El Rey Dragón finalmente se conmovió de nuevo: "¿Quieres decir que lo vieron con sus propios ojos?"
Verlo con los propios ojos era un concepto completamente diferente a lo que los Tres Ancianos del Destino Celestial "espiaron de los designios celestiales", porque lo segundo podría ser solo una imaginación. Pero lo primero... dos Emperadores Divinos lo vieron con sus propios ojos, no podía ser falso en absoluto.
"¡Correcto!" El Emperador Divino Zhoutian asintió lentamente, con voz grave: "Las palabras de los Tres Maestros del Destino Celestial eran demasiado increíbles. Si no lo hubiéramos visto con nuestros propios ojos, difícilmente lo habríamos creído. Cuando el Emperador Divino Fantian y yo llegamos al extremo oriental del Caos, a millones de kilómetros de distancia, ya sentíamos la luz roja punzante. Al acercarnos al Muro del Caos, todo lo que vimos era tal como dijeron los Tres Maestros del Destino Celestial".
"No, era aún más inquietante". dijo el Emperador Divino Fantian: "Esa fisura roja grabada en el Muro del Caos, su luz era tan extraña que nunca había visto algo igual. En apenas una línea, podía proyectarse a millones de kilómetros de distancia".
"Esta es la sombra arcana que grabamos el Emperador Divino Zhoutian y yo frente al Muro del Caos".
Mientras hablaba, el Emperador Divino Fantian de repente empujó su brazo, y la imagen en el panel de luz sobre la Plataforma de Investidura Divina cambió. Una marca roja de más de un cuerpo de largo apareció de repente en el panel.
Al instante, toda la Plataforma de Investidura Divina se tiñó de un carmesí intenso, como si hubiera caído una lluvia espesa de sangre.

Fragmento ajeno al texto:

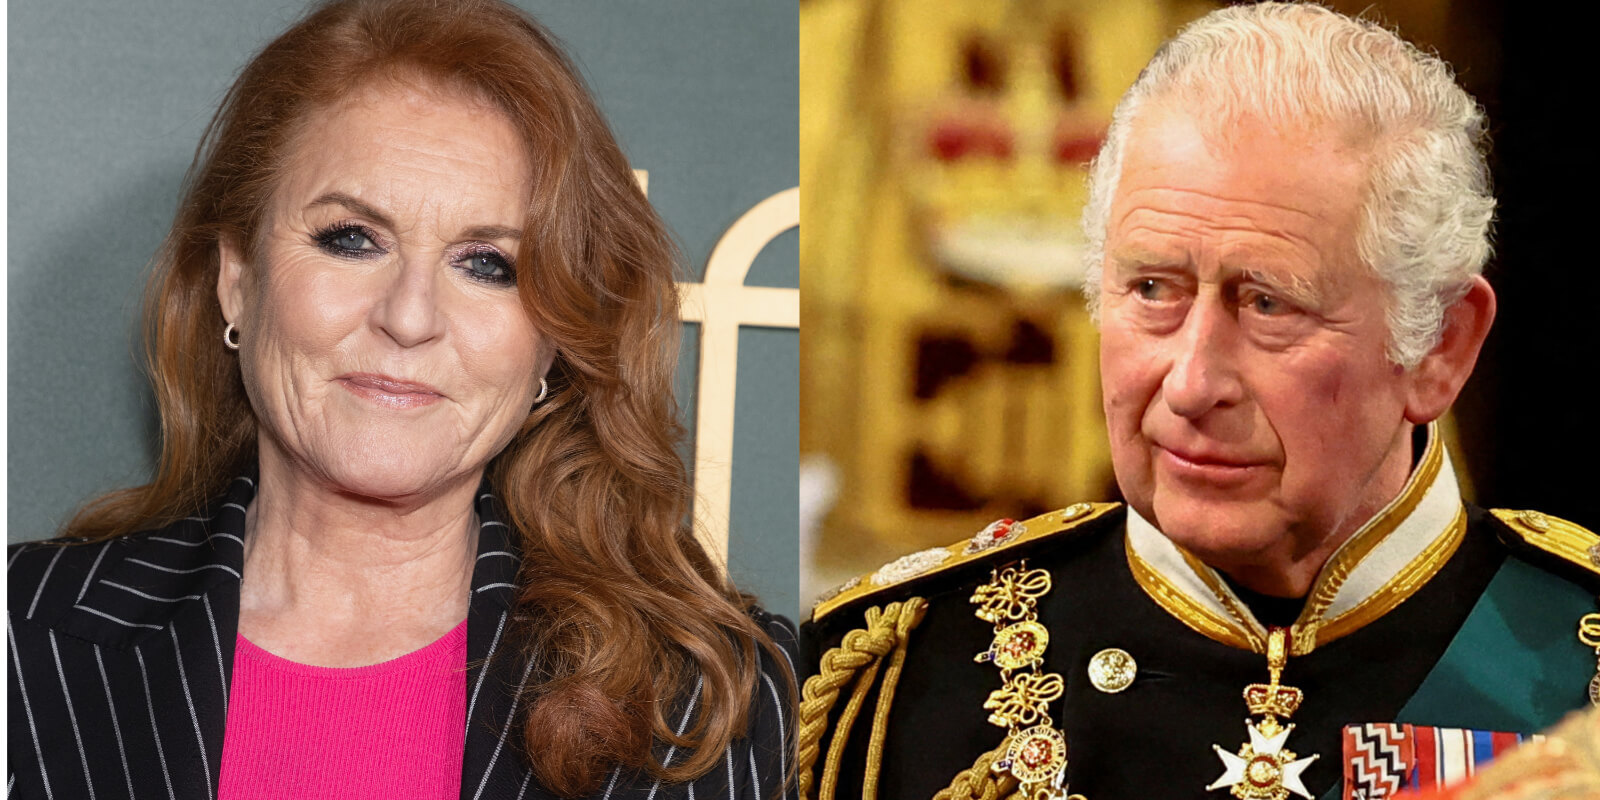 Sarah Ferguson was not invited to King Charles' coronation but will attend a key event of the weekend honoring the monarch.

Todos miraron atónitos esa marca roja que, aunque estaba en la sombra arcana, parecía grabada en el mismo cielo. Un miedo sin nombre crecía desenfrenadamente en sus corazones, y sus almas, como serpientes atrapadas por el cuello, se retorcían y convulsionaban violentamente.
"¿Qu-qué es esto?" exclamó Mu Huanzhi.
"¿Esto... realmente está en el Muro del Caos?"

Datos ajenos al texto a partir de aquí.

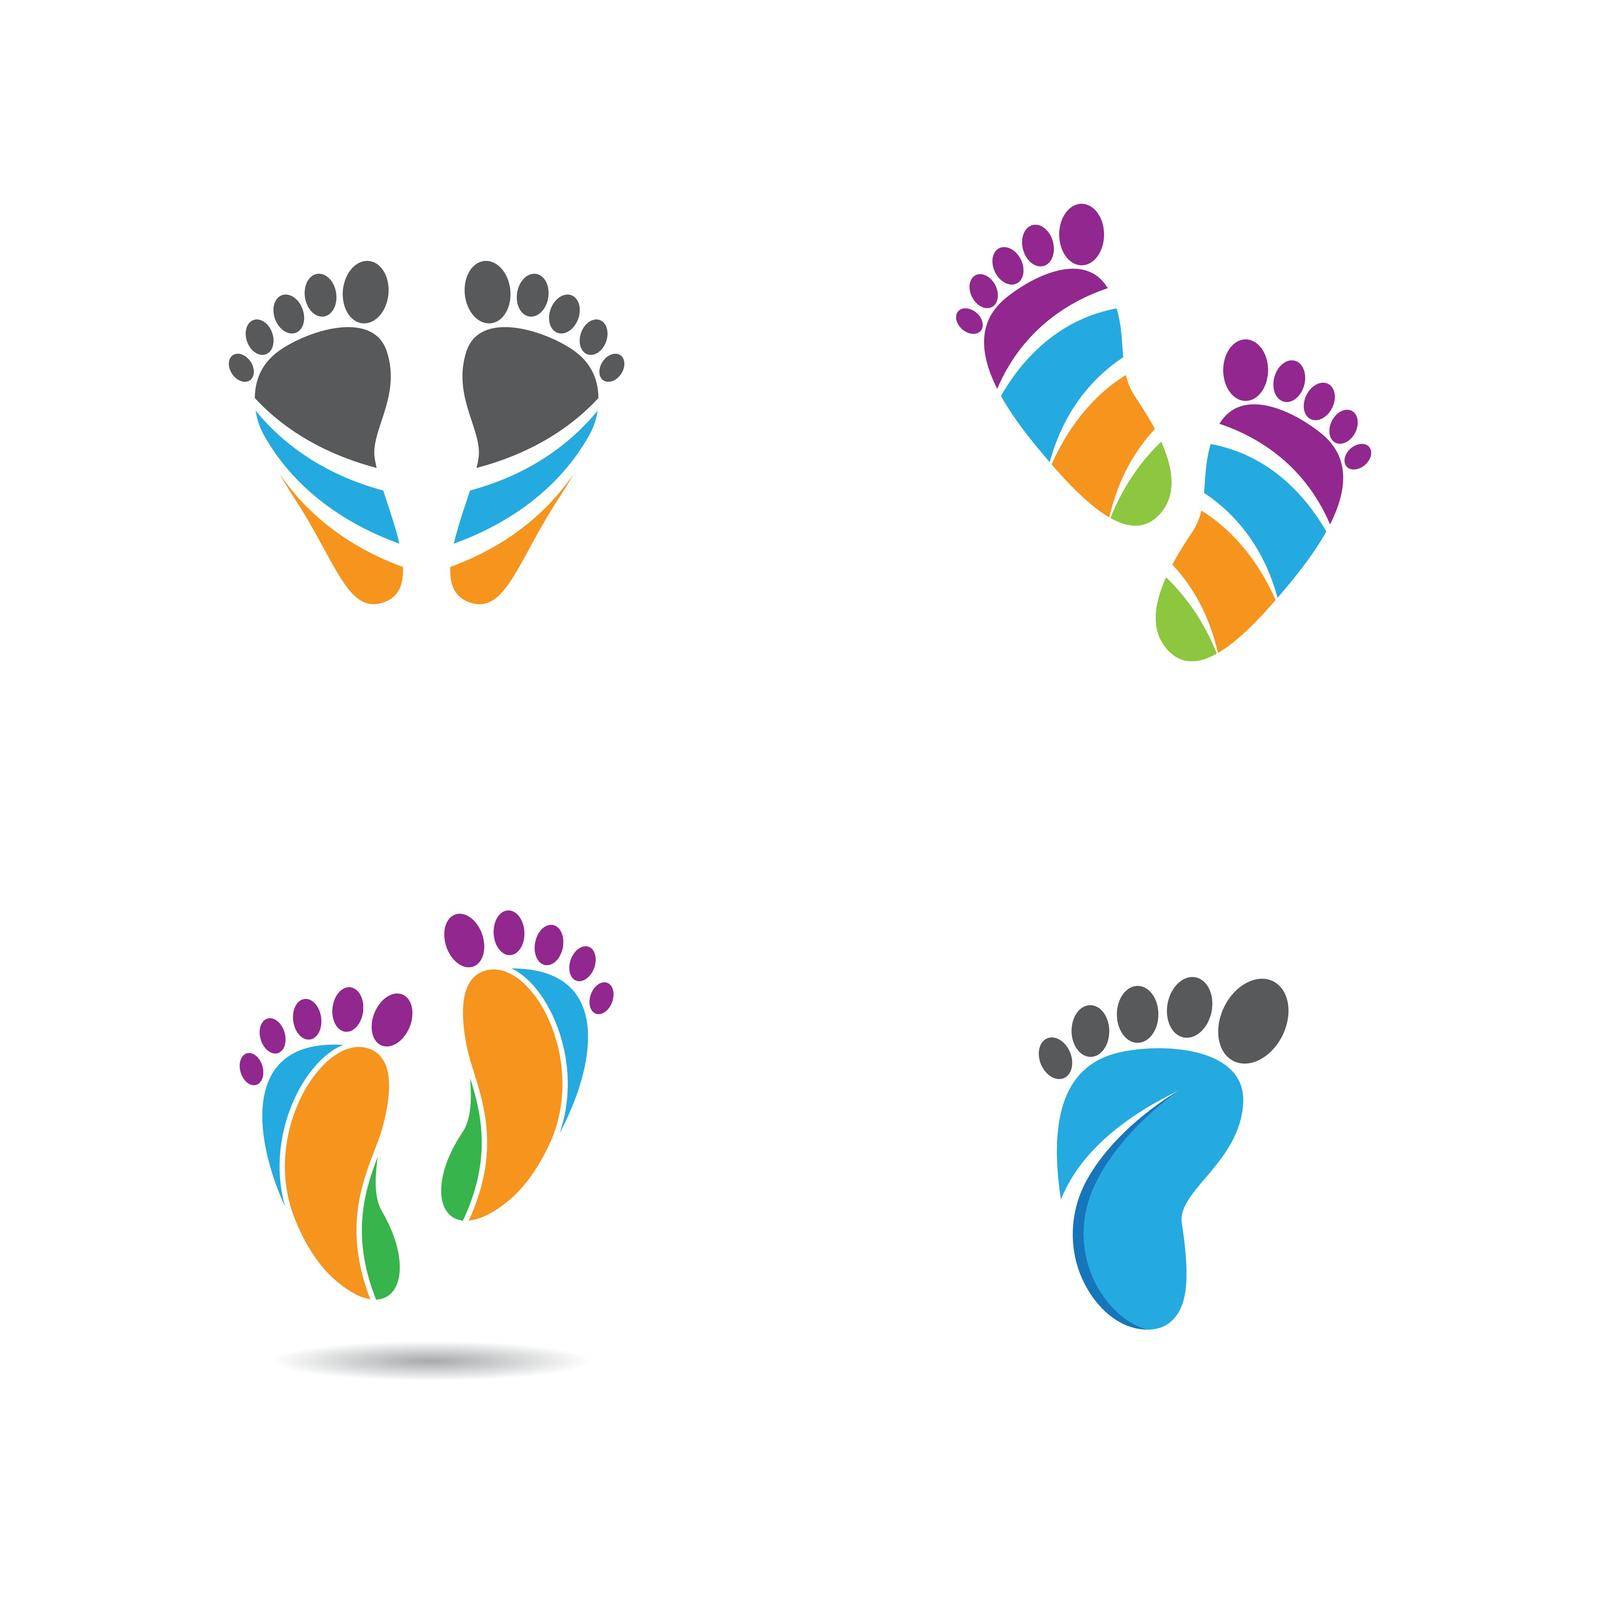 Foot therapist logo vector icon by Attades19

"Las palabras de dos Emperadores Divinos, ¿cómo podrían ser falsas?" dijo Yan Juehai con las pupilas contraídas.
¡Y esto era solo una sombra arcana grabada!
El Emperador Divino Fantian retiró su brazo, la sombra arcana desapareció, y el mundo finalmente perdió ese terrible color sanguíneo. Cada uno sintió un alivio en su corazón, como si hubieran escapado por poco del borde de un mar de sangre infernal, y quedaron atónitos por un largo rato.

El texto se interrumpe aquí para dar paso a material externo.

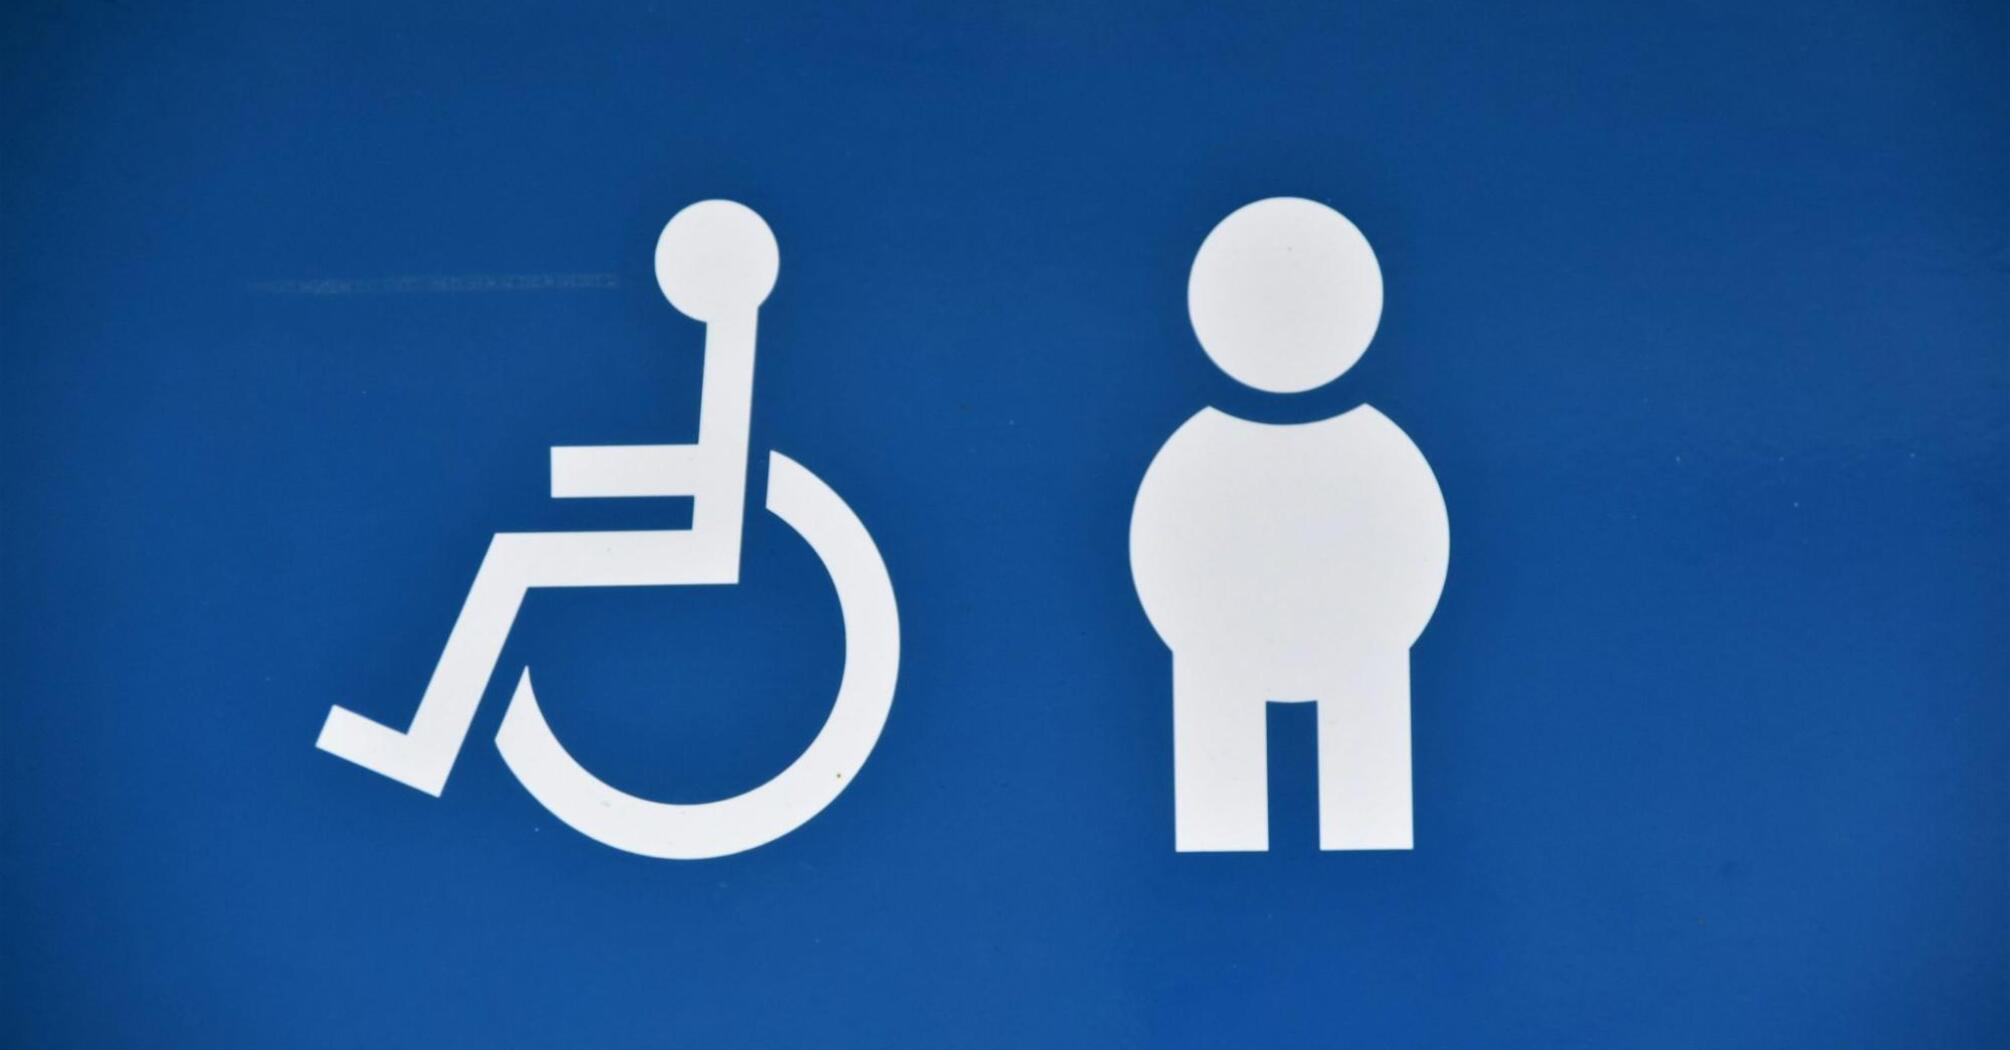 Symbols for disabled and non-disabled access on a blue background

"Ya que han ido personalmente al borde del Caos y se han acercado a esta extraña marca roja, ¿han descubierto cómo se originó?" preguntó el Rey Dragón con el ceño profundamente fruncido.
El Emperador Divino Zhoutian negó con la cabeza: "No hemos descubierto nada. Sin embargo... para investigar la causa, el Emperador Divino Fantian y yo permanecimos un año frente al Muro del Caos. Aparte de las tormentas espaciales comunes, ninguna fuerza externa se acercó, pero la marca roja se estaba expandiendo gradualmente".
Rey Dragón: "..."
"Cuando el Emperador Divino Zhoutian y yo llegamos por primera vez, la marca roja medía poco más de siete pies". dijo el Emperador Divino Fantian: "Después de un año, ya había crecido hasta una zhang. Por lo tanto, el Emperador Divino Zhoutian y yo no tuvimos más remedio que pensar en una posibilidad aterradora..."
"Esta marca roja no es generada por alguna fuerza del Caos. Sino que proviene del propio Muro del Caos, o... ¡del exterior del Caos!"